## Your instructions
Would you please repeat, word for word, only the lines from the one holding "a MADS student." through the one holding "Emergency vehicles attend" in the material below, without the pictures?

## Source material
········
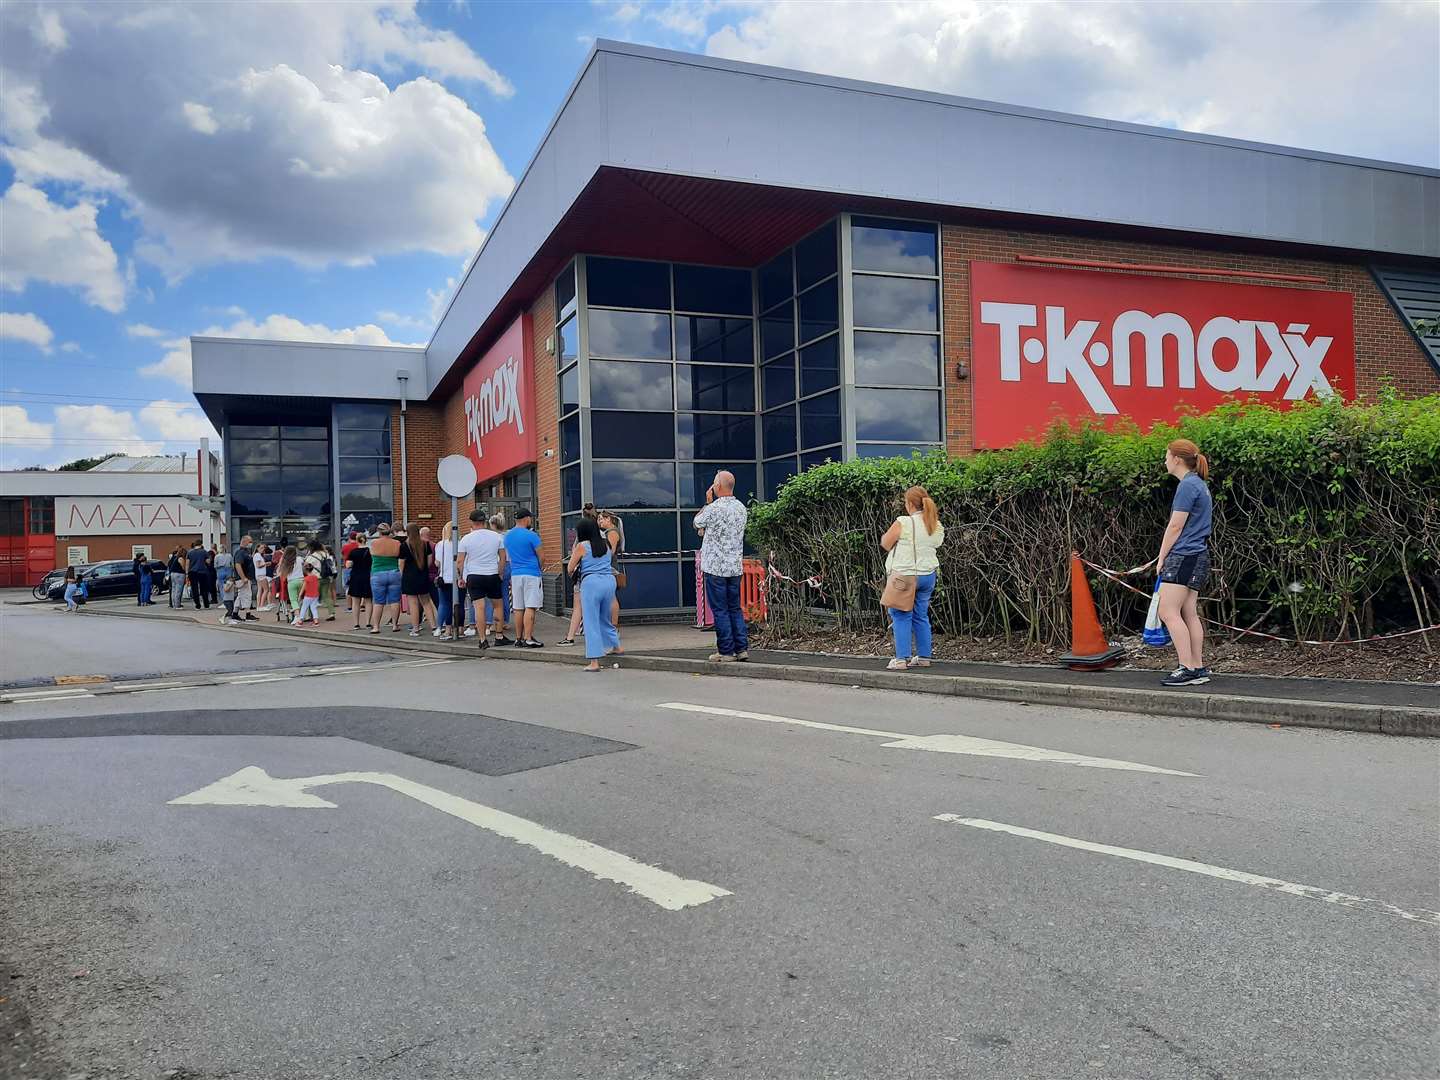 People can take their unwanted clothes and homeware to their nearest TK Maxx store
········
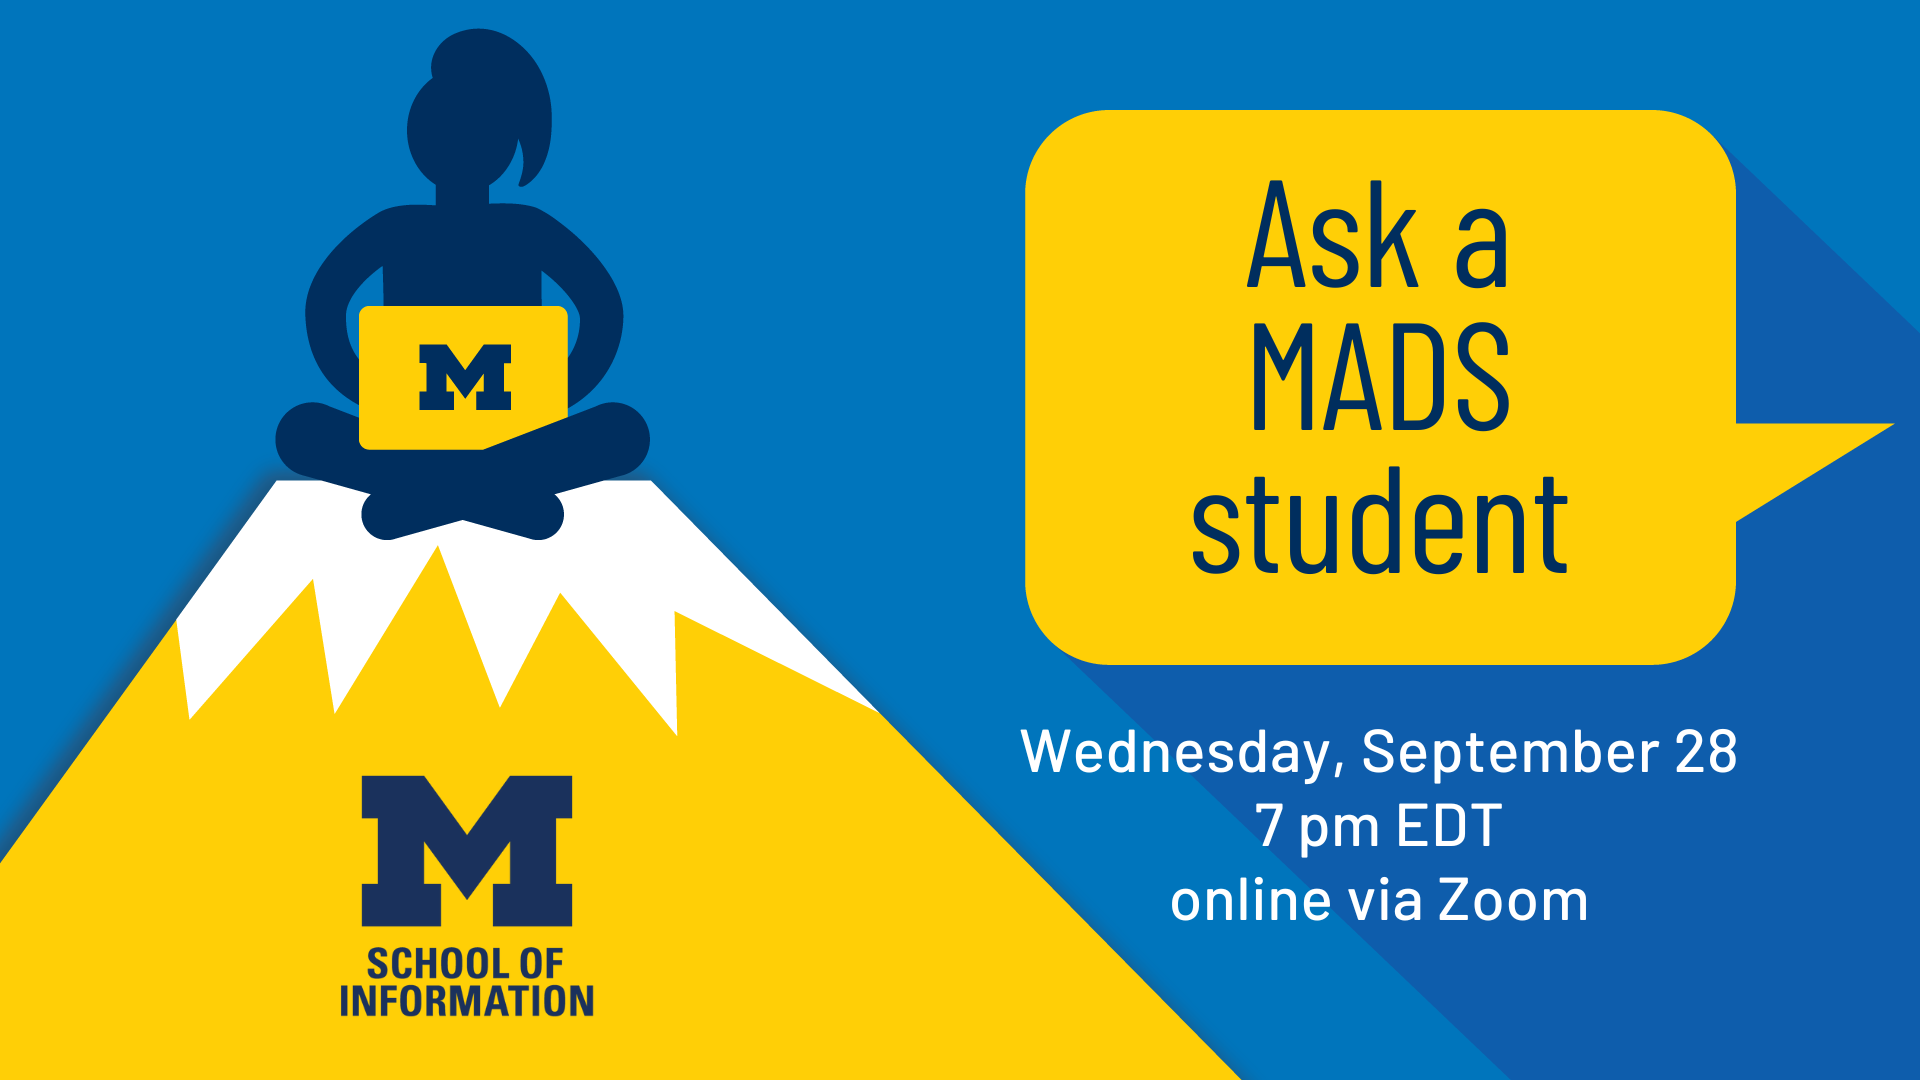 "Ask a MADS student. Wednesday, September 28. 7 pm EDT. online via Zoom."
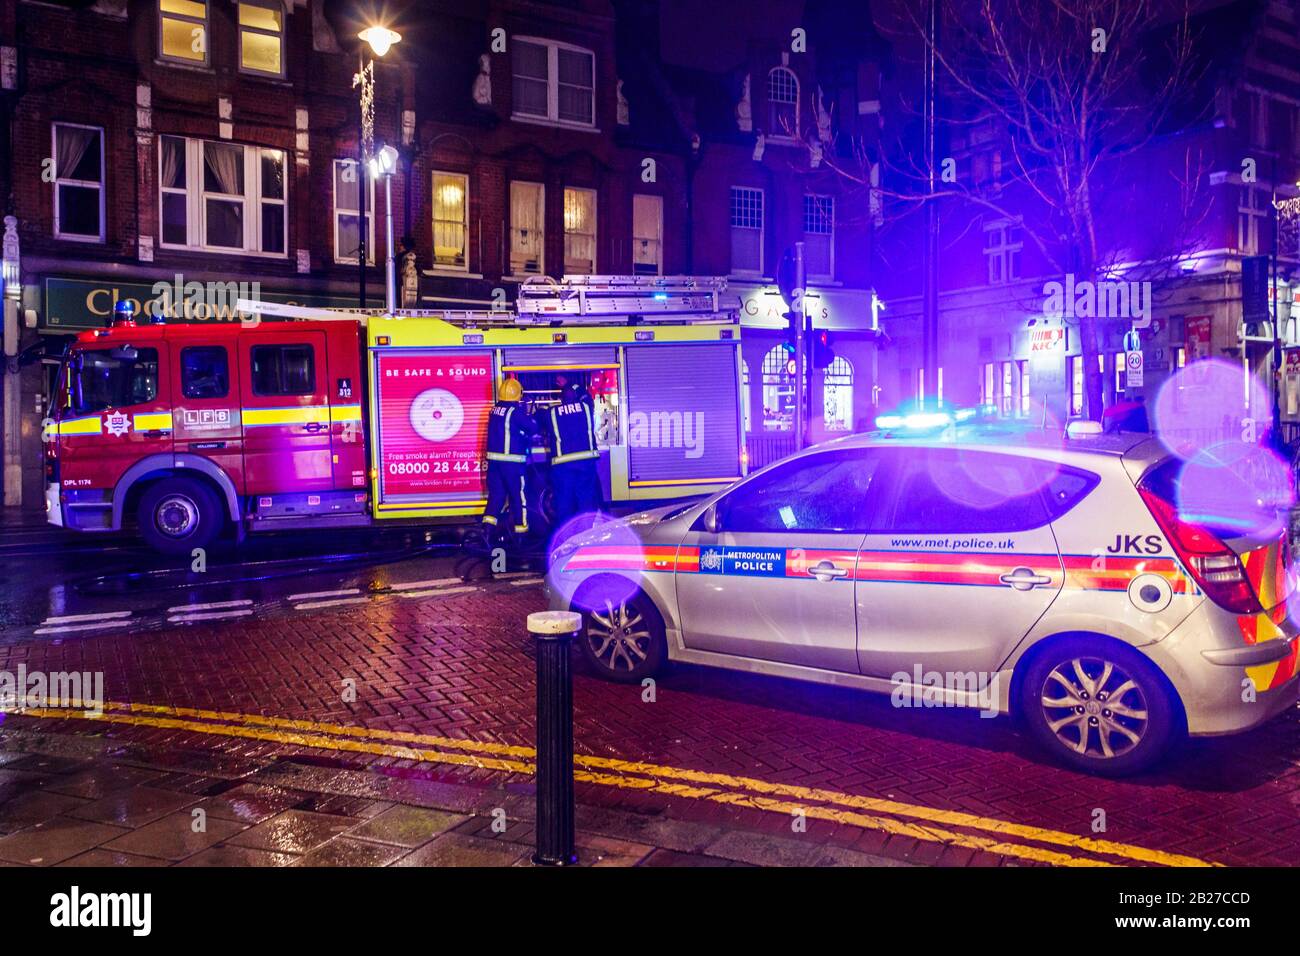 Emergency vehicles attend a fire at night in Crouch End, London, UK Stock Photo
········
## Task result
 "Ask a MADS student. Wednesday, September 28. 7 pm EDT. online via Zoom."
 Emergency vehicles attend a fire at night in Crouch End, London, UK Stock Photo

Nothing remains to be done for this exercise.